Investigating User's Web Usage
Hey folks,
I am commissioned regularly from HR for our large enterprise to investigate user’s web usage and other "unproductive" activities. It's not the favorite part of my job since these are people I know, but all ethics aside, it's my job.
Enterprise Security has a limited budget and I can only get one span port for each major network block as Network runs the show. In any case I git' 'er done using some Open Source tools.
Ok, here's some background before I pose the question:
I run some hardened homegrown NetBSD / Snort boxes that log locally and I use SFTP through scripts to pull the logs back to a local server where I run SnortSnarf to generate the log statistics. I have created a custom signature that tracks HTTP, HTTPS, MSN, AIM, Yahoo Messenger, FTP and various P2P apps from these user's workstations (their IPs are DHCP with a 14 day lease). On the local snort box on my Internet surfing edge (where I run the sig's) I am running snort while dumping the application layer and logging in fast alert mode (makes SnortSnarf happy :-).

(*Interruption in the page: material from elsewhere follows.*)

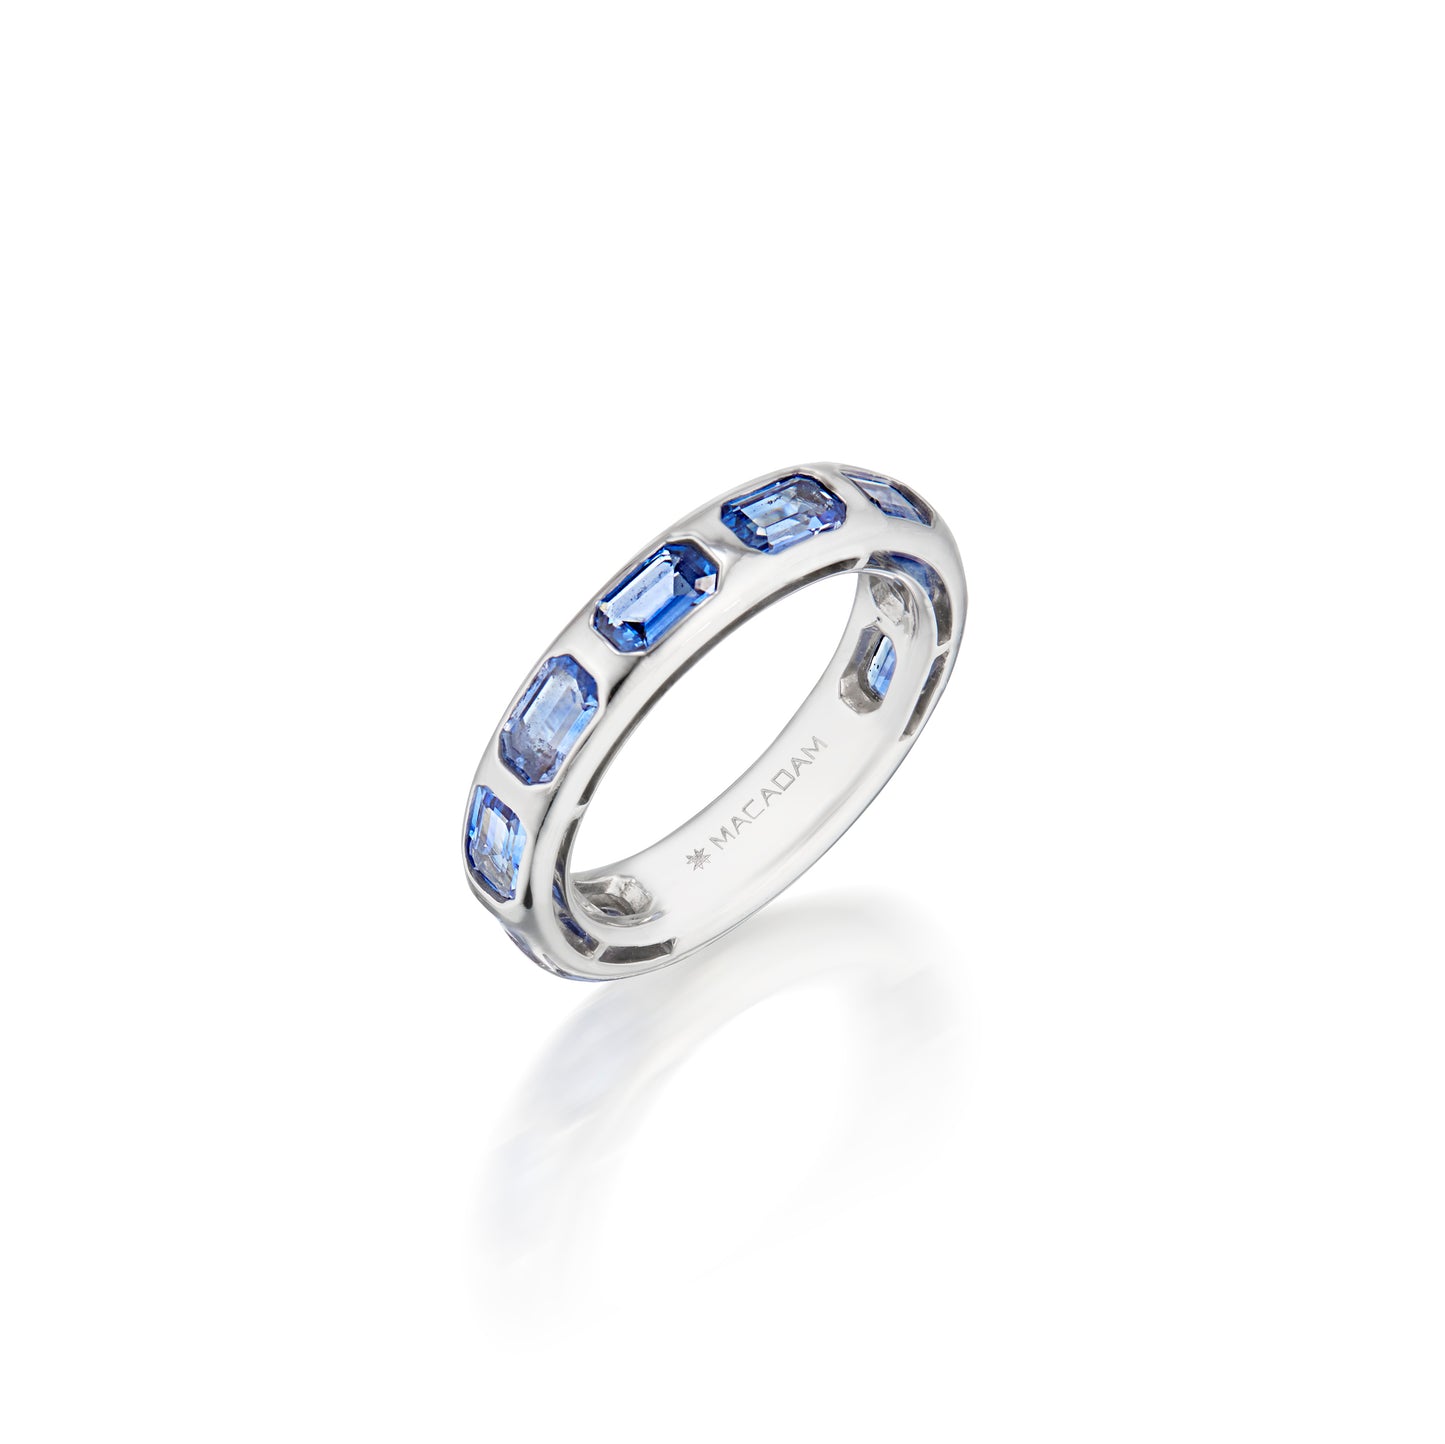 MACADAM HORIZON Emerald-Cut Blue Sapphire Ring

Great, I can use the entire application layer to help me figure out destinations that are virtual websites. SnortSnarf tells me the top alerts to these websites by these users. Problem is...
HOW DO I REPORT WITH SOME GUESS OF HOW MANY TIME THE USER VISITED???
The problem is, 30,000 alerts from a user to Lavalife.com over a 2 week period doesn't tell me how many times the user connected intentionally vs. how many of that 30k was just HTTP keep-alives.
I grep'd for GET and POST but what else can I use to add or subtract to the 30,000 alerts that will give me a better report to present to HR?
Does anyone else do this? Is it called Network Forensics?